Ld. Counsel appearing for the OPs in course of argument relied on the evidence of one Dr. Prema Guha and submitted that the wild allegations of the complainants against the OPs regarding misbehavior, fraud etc. were outside the scope of the Consumer Court. He also submitted that the employees of the OP/Hospital could not be held responsible for the death of the patient as the OPs did not have their Blood Bank and such fact was informed to the patient party when the blood transfusion was first advised and despite the fact that the complaint party being aware of the non-availability of the blood at the OP/Hospital insisted the authority of the OP to get the patient admitted for his treatment.
Now the point for consideration before us is - whether the allegations of medical negligence in the instant case have been proved by the complainants.

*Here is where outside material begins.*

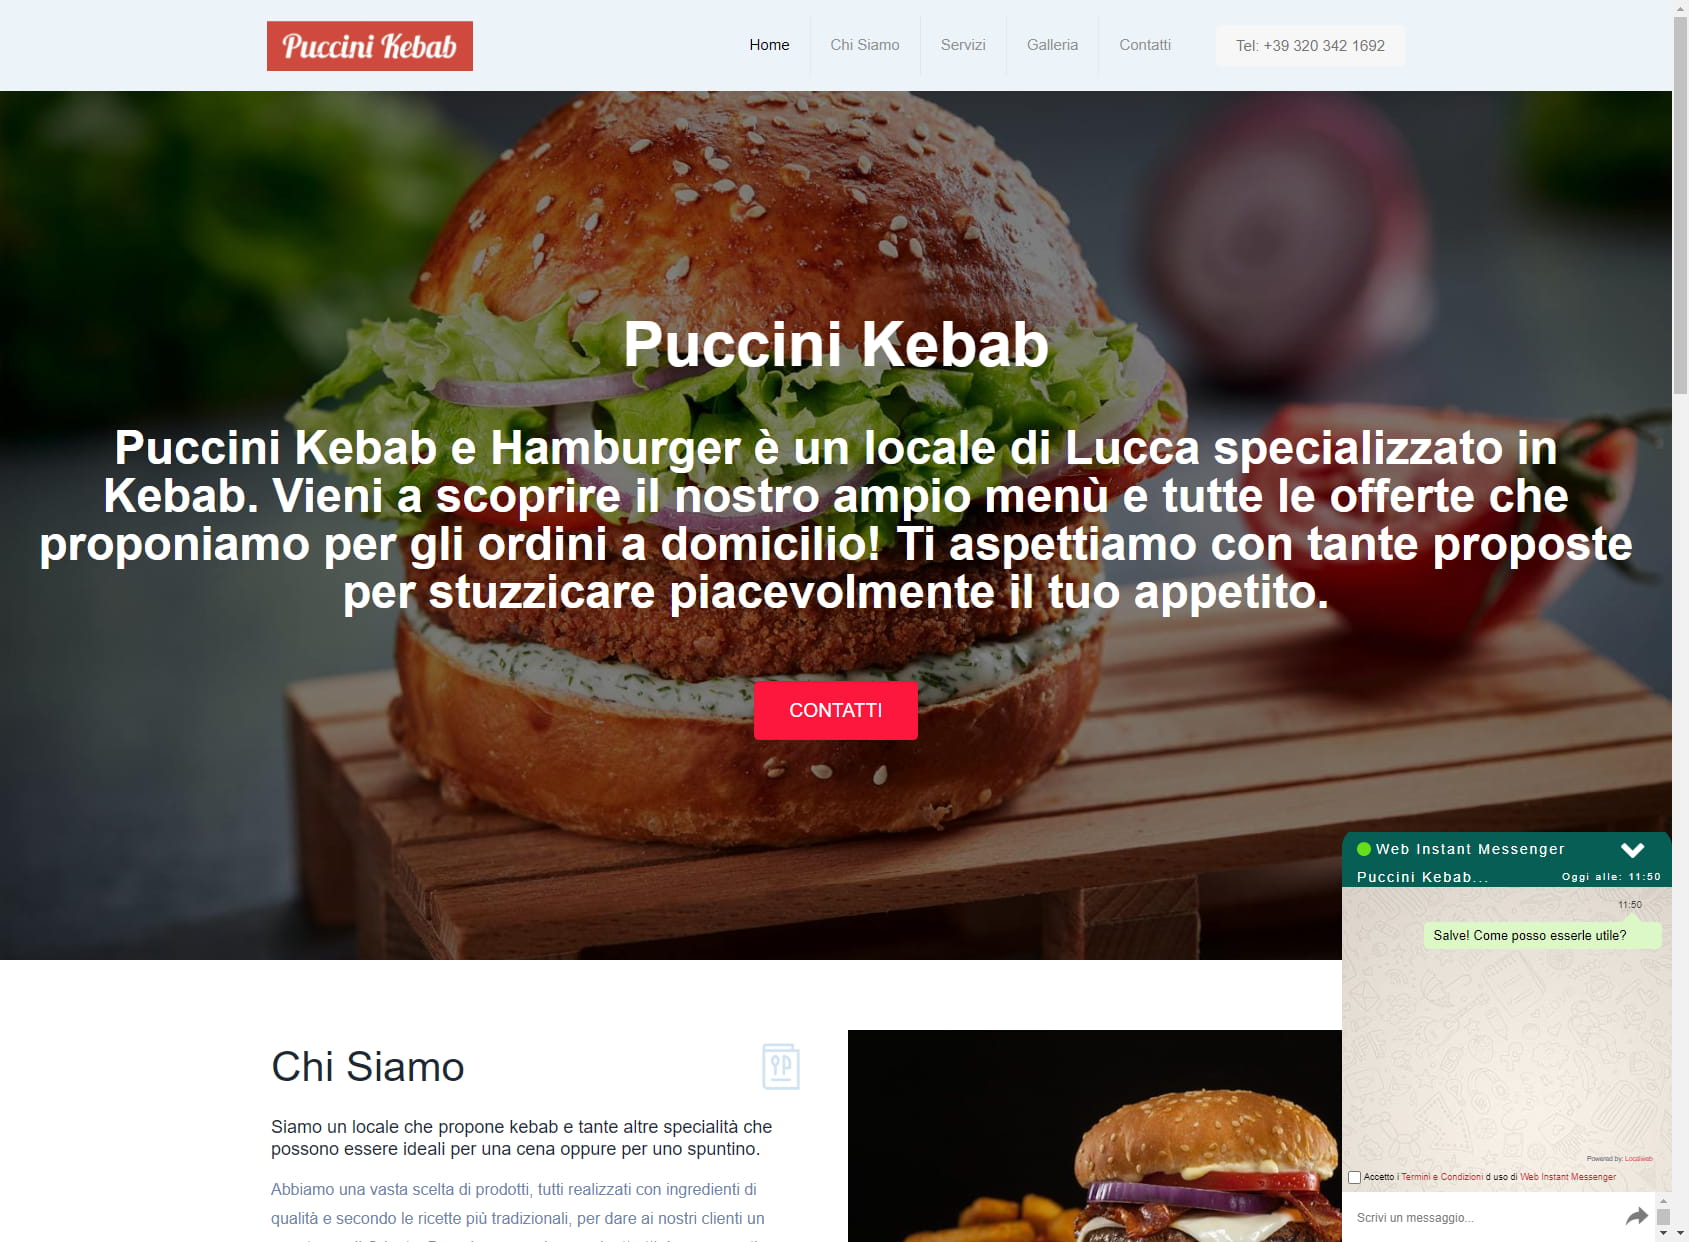 Puccini Kebab

In this context, Ld. Counsel for the OPs submitted with reference to a decision of the Hon’ble National Commission in Sikha Nayak Vs. Dr. Manabesh Pramanick, reported in 2006 CTJ 662 (CP) (NCDRC) and pointed out that “a case of medical negligence has to be proved by medical expert evidence and it cannot be based on mere statements of the patient”. In the instant case the complainants brought some allegations against the Hospital and the medical employees blaming them for the cause of death of the patient and raised their fingers for the alleged medical negligence. We found some prescriptions in the record and the Death Certificate of the victim where it was categorically noted that the patient met a natural death. Unless and until the allegations brought against the Hospital Authority is substantiated by any Medical Expert’s opinion, we are unable to accept the allegations brought against the Hospital Authority as sacrosanct and can impose any penalty upon them. Hon’ble National Commission also held in Dr. Harkanwaljit Singh Saini Vs. Gurbax Singh and Another, reported in I (2003) CPJ 153 (NC) that “in absence of expert opinion, the Commission cannot constitute itself to expert body and contradict statement of doctors” and in the present case it is stated that the patient met his natural death. Hon’ble Supreme Court in Martin F.D’Souza Vs. Mohd. Ishfaq, reported in 2009 CTJ 352 (SC), held that “the Consumer Forums and the courts are not experts in medical science and must not substitute their own views over those of the specialists”. Since the complainants did not produce any expert’s opinion before us for proving their allegations of medical negligence causing the death of their patient, we are unable to accept the allegations against the hospital or its doctors, as the case may be. No doubt the complainants made out a case alleging ‘medical negligence’ and ‘deficiency in service’ against the OP/Hospital but such allegation was not substantiated by any medical expert’s opinion, as pointed out earlier, the reason best known to them. In the back ground, we find reasons to believe that the complainants conducted their case half heartedly and in the absence of any medical expert’s definite opinion regarding medical negligence we are unable to hold that the complainants deserve any relief in the instant case. Accordingly, we dismiss the Complaint Case. We do not pass any order as to costs.